With no arguments, prints the name of the currently used profile. Use the ls or list option to list available profiles. To switch, add or delete a profile, use the set, add, and del options respectively followed by the corresponding profile name.

Bear in mind that, when switching profiles, command line arguments will be ignored.


pg, pager [on, off, status]

Toggle Mas, the built-in pager, on/off. Useful to list directories with hundreds or thousands of files, the pager will start working, if set to on, whenever the screen is not enough to list all files.

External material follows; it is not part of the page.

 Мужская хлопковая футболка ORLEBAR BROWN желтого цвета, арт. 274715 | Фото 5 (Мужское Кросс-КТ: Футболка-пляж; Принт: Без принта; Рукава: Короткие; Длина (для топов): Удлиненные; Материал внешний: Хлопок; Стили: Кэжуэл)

Once in the pager, press Down, Space or Enter to move downwards one line, or PageDown to move downwards an entire page. To go upwards, use the shortcuts provided by your terminal emulator, for example, Alt-PageUp or Alt-Up. Press c, p, or q keys to stop the pager, and h or ? for help.


pin [FILE/DIR]

Pin a file or a directory to be accessed later via the comma (,) keyword. For example, run pin mydir and then access mydir as follows: cd , where the comma is automatically expanded to the pinned file, in this case mydir. The comma keyword could be used with any command, either internal or external, e.g, ls ,.

With no arguments, the pin command prints the current pinned file, if any. If an argument is given, it will be taken as a file name to be pinned. Running this command again, frees the previous pinned files and sets a new one. In other words, only one pin is supported at a time.

An easy alternative to create as many pins or shortcuts as you want, and how you want, is to use the alias function. Bookmarks could also be used to achieve a very similar result.

At program exit, the pinned file is written to a file in the configuration directory (as .pin) to be loaded in the next session.


q, quit, exit, Q

Gracefully quit CliFM. Use Q to gracefully quit and enable the CD on quit functionality (write last visited directory to $XDG_CONFIG/clifm/.last to be later read by a shell function. See the CD on quit section).


rf, refresh

Refresh the screen, that is, reprint files in the current directory and update the prompt. If the current directory is not accessible for any reason, rf will go up until it finds an accessible one, and then will change to that directory.


rl, reload

Reload all settings, except those passed as command line arguments, from the configuration file.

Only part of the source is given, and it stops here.